Page MenuHomePhabricator

[SPIKE] Determine what – if any – changes are needed to access comment data
Closed, ResolvedPublic

Description

As part of T264885, we started storing information about comments posted to talk pages. In T280100, we documented how the data about these "comments" are being stored.

This task is about determining what – if any – changes ought to be made how data about talk pages comments are stored so we can answer analysis questions like the ones listed below.

Analysis questions

This section contains the *kinds* of questions we will want to be able to answer with this new comment data. Some of the questions below from T274215 and T262107.

  • "On average, how many comments are posted to sections on article talk pages, grouped by project and experience level?"
  • "On average, how much time elapses between when "User A" creates a new section on a talk page (article, user, or otherwise) and "User B" posts a comment in that same section?"
  • "On average, how many comments do Junior and Senior Contributors post to talk pages within a defined timeframe?"

Instrumentation needs

TBD

Done

  • The ===Instrumentation needs section above contains either:
    • A) Specifications for how what was implemented in T264885 [and documented in T280100] needs to be adjusted in order to answer the questions listed in the ===Analysis questions above OR
    • B) Confirmation that no adjustments to what was implemented in T264885 [and documented in T280100] in order to answer the questions listed in the ===Analysis questions above

Event Timeline

ppelberg moved this task from Backlog to Triaged on the DiscussionTools board.
ppelberg moved this task from Backlog to Analytics on the Editing-team (Tracking) board.

Next Steps

  • @MNeisler to confirm whether the new Talk_page_event schema will enable us to answer the question below or whether additional instrumentation is needed.

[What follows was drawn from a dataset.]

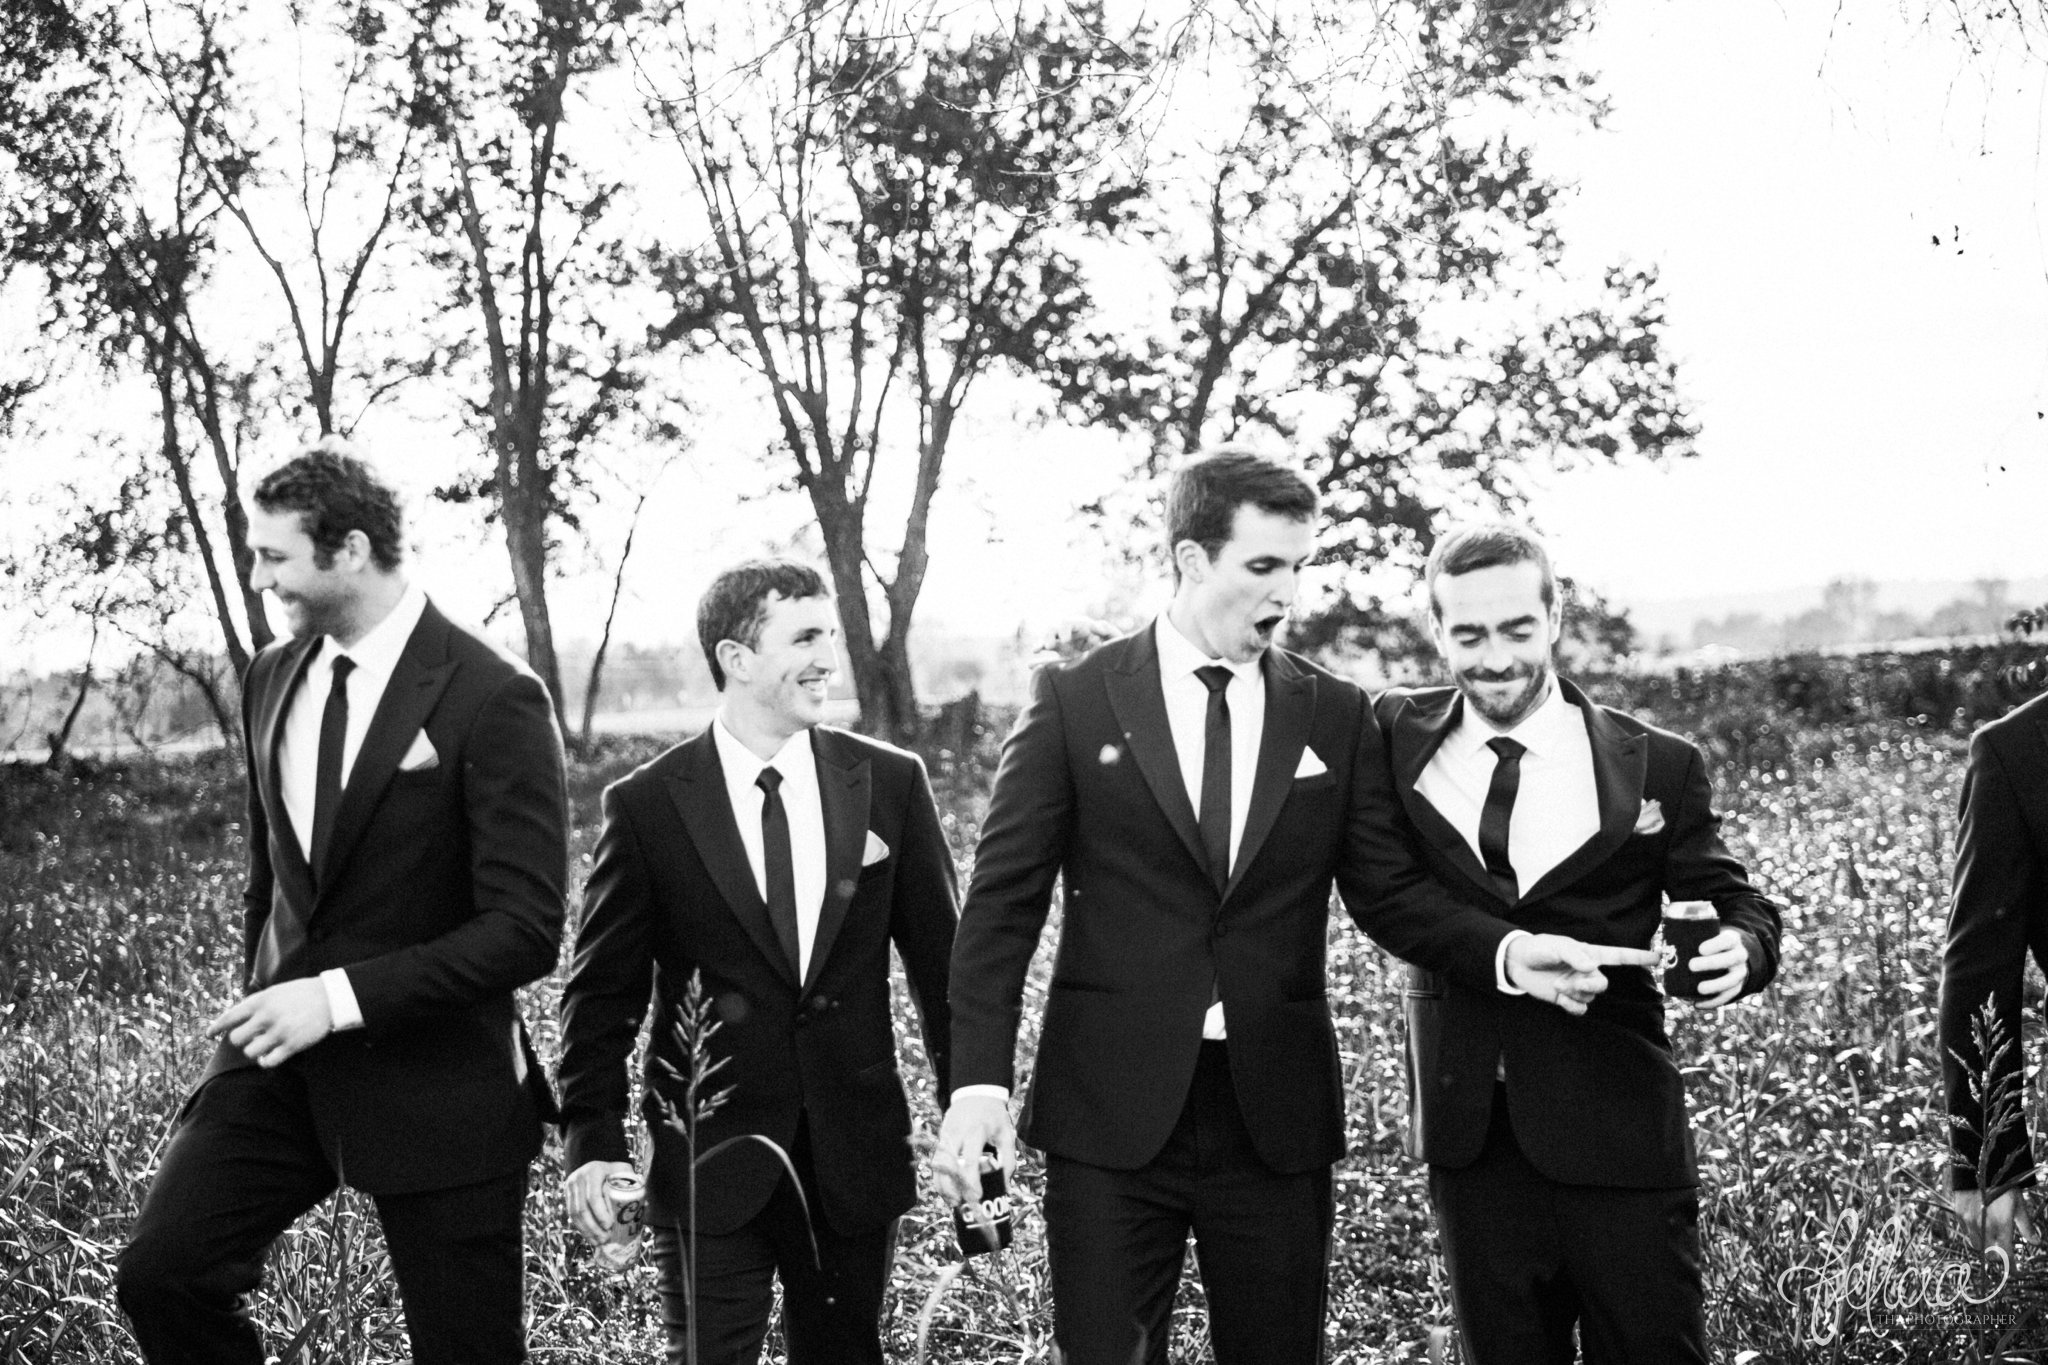 black and white | weddings | wedding photos | wedding photography | images by feliciathephotographer.com | St. Therese Catholic Church | Kansas City | downtown | The Terrace on Grand | bridal party portraits | grassy field | field | nature | candid | groomsmen portrait | funny groomsmen | The Black Tux

"On average, how much time elapses between when "User A" creates a new section on a talk page (article, user, or otherwise) and "User B" posts a comment in that same section?"

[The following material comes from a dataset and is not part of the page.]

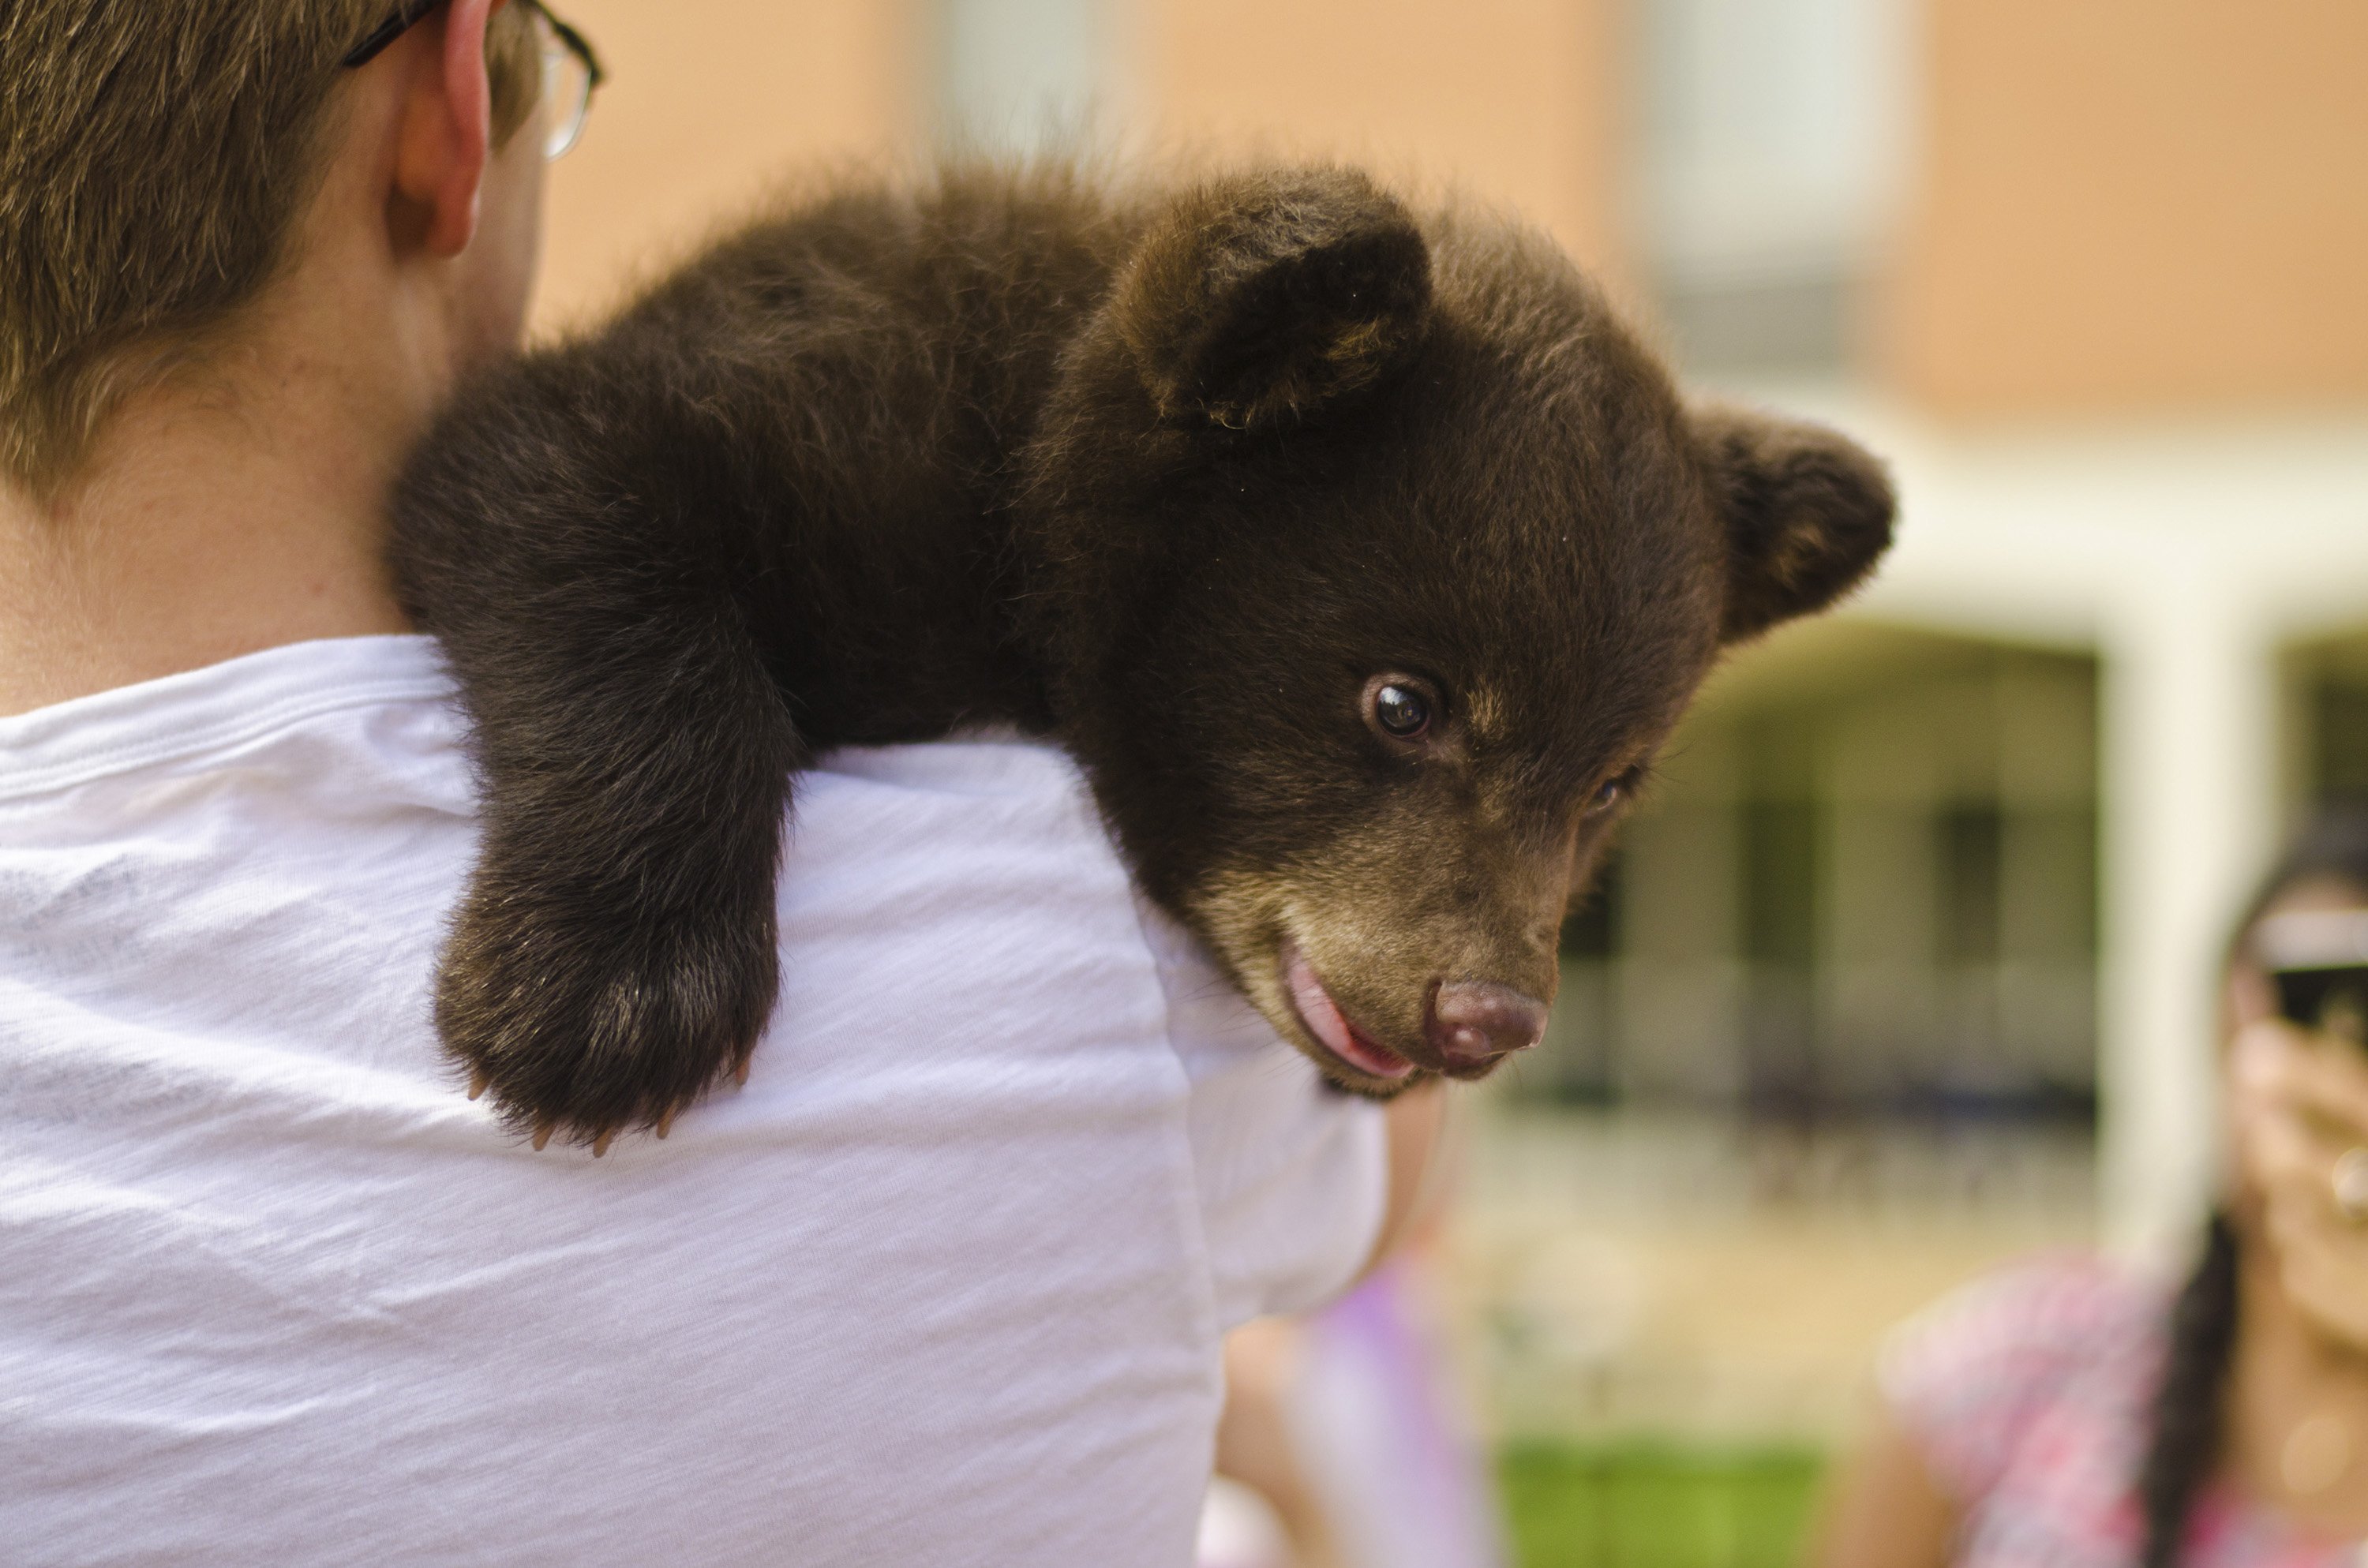 Handout picture of a two-month-old bear cub named Boo Boo held by a student at Washington University in St. Louis

"On average, how much time elapses between when "User A" creates a new section on a talk page (article, user, or otherwise) and "User B" posts a comment in that same section?"

@ppelberg - I've confirmed that the new talk_page_edit schema will enable us to answer this question.

For reference, I'm documenting the field that would be used to answer this question below:

  • distinct logged-in users ("User A vs User B"): performer.user_id
  • Creates new section:
      • action = publish : new section posted
      • comment_id: Unique identifier of the comment that the user just posted.
      • comment_parent_id: If this is a top-level comment this will be the identifier of the heading (topic_id)
    • meta.dt: timestamp of event
  • Posts a comment in that same section:
    • action = publish: comment published
    • comment_id: Unique identifier of the comment that the user just posted.
    • topic_id and comment_parent_id: use to identify if the posted comment is in the same section or new topic that "User A" created
    • meta.dt: timestamp of event.

Furhter documentation of the talk_page_edit instrumentation is available in the schema repo and instrumentation spec

"On average, how much time elapses between when "User A" creates a new section on a talk page (article, user, or otherwise) and "User B" posts a comment in that same section?"

@ppelberg - I've confirmed that the new talk_page_edit schema will enable us to answer this question.

Excellent. You confirming the above is the information we needed to remove this task as a blocker of T284848.

Resolving this as topic subscriptions has been instrumented and the analysis this work refers to was completed.